My only problem with data corruption on flash drives is with persistence files when using live CD images, and it's only been the persistence file that gets clobbered.
I believe I might have a reasonable explanation for the problem. Obviously there is no point in blaming linux or the fs modules for the corruption. I believe both have been well tested and exist for way too long to have such a major bug. I could blame the VIA Chipset, but the principle of enabling swap and having the adjacents partition fs fail cannot really be explained that way.
So I started looking at what is using the swap at the given time. It's actually a bit painstaking, given that the system fails short after that error, but I traced the problem to the VMWare Server. The corruption occurs when the Hypervisor attempts to move running virtual machines to swap memory. In particular the error occurs once the hostd process begins allocating swap memory (seen in /proc/<pid>/smaps).
This makes somewhat more sense, as vmware does use lowlevel access to manage memory allocation. An error in that kernel module would explain the catastrophic effects of the filesystem error. It also explains why the partition sde2 keeps getting corrupted worse and worse over time, even when sde2 is auto remounted as read only, as the kernel module handling the fs access is practically not in charge of the errorous IO requests anymore.
Though turning of swapping machine memory is an option, there are two reasons I do not want to go that way:
- For one, I only have 2GB of RAM. I do want the machine being most active to be able to allocate physical memory and not confine the allocation of the host system.
- I don't really feel comfortable using linux without a swap memory.
I will try the following workaround an see if it fixes things:
I will reformat the sde3 partition to ext3 and ceate a 1GB image file. I will mount that file using a loop device as swap. Since it is not a real device, it should not be affected by a process trying to access it beyond it's "physical" extends.
Get a new system. Too many people have a usb running in native linux.

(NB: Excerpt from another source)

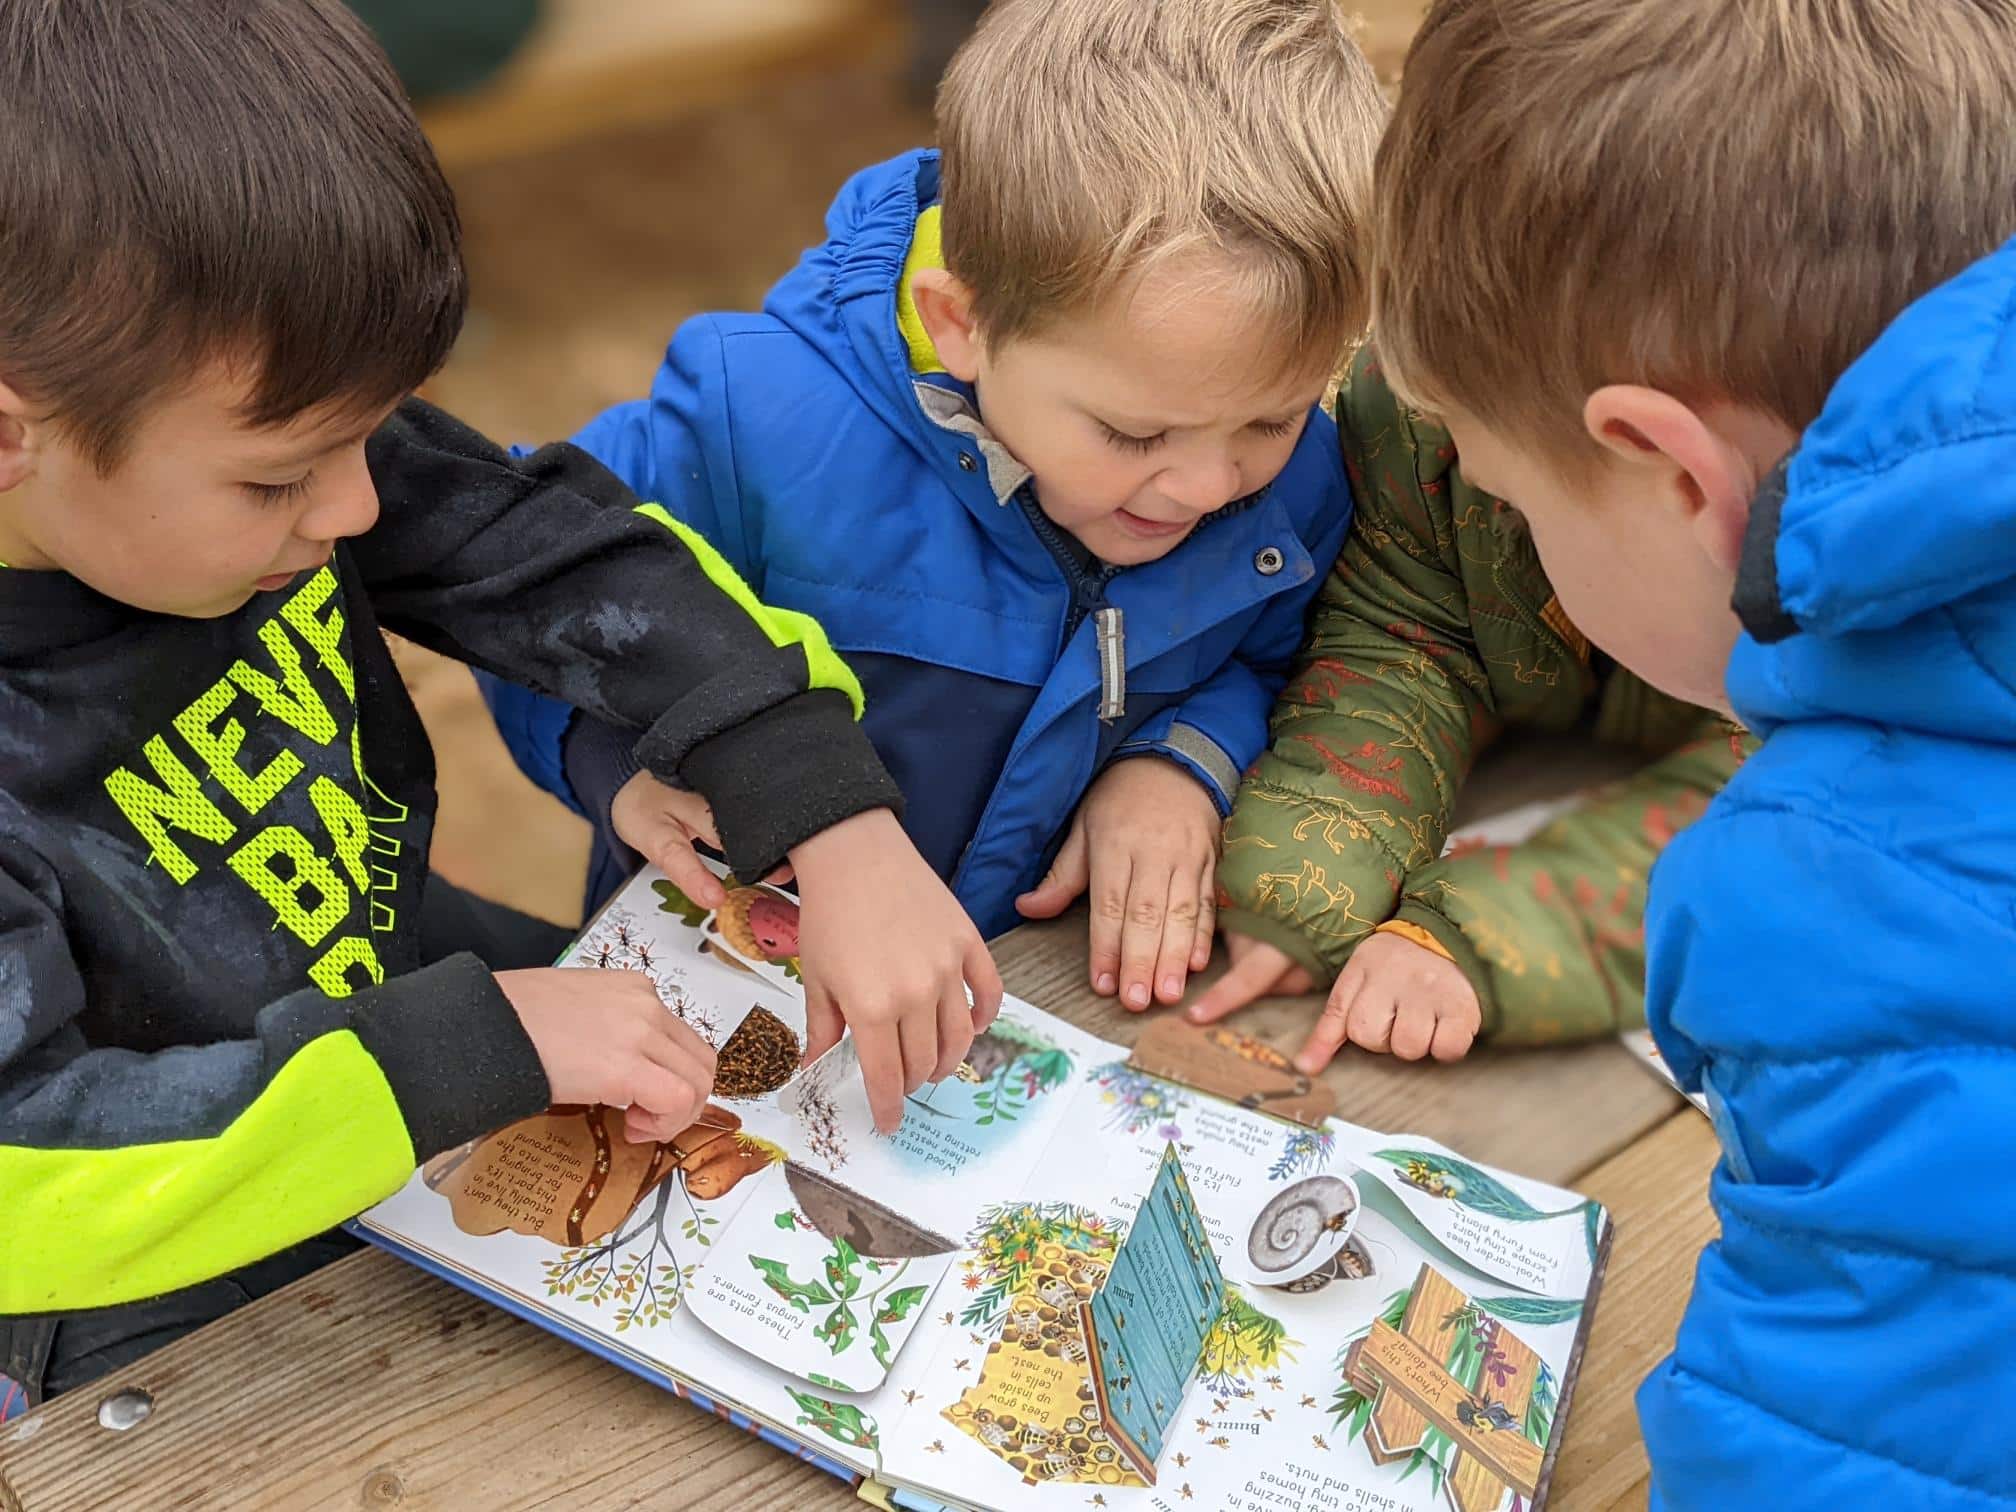 Preschool-age children gather at a picnic table to look at a nature book

I have had a few usb's that stunk but not one system that stunk. There are only so many things to test. I assume you have checked the md5/shal of this iso.
It's not the system either. Debian is ok, the installation was network based and the installer iso was verified.
I'm giving up on the stick and moving the installation onto the raid array. The stick will be used for booting and backups.
I'm flagging this thread as closed/solved. Here's a quick recap in case anyone should stumble in here:
USB Flash drive based Debian 6.0.6 installation using 3 partitions (boot/ext3,root/ext3,swap) kept corrupting the filesystem of the root partition after/during large IO operations. The stick was mainly used to run a VMWare Server Hypervisor. After running for 3 hours, the filesystem would be completely unusable (not restorable using fsck). No unreadable sectors could be found on the usb flash drive and it passed all read/write tests.
Changing VIA Chipset Parameters for USB Host (USB1.1, USB2 Full/HighSpeed);
mounting ext3 using nobarrier and sync;
disabling vmware hypervisor and associated kernel modules;
disabling and loop containing swap partition;
None found. Workaround;
Debian Root partition was simply copied from a healthy backup to a free/new 6G raid partition and the uuid's of the root partition were changed in the bootloader and fstab. The USB Drive now servers as boot partition for extlinux. No further problems detected after that.
Thank you again for your help jefro and RockDoctor.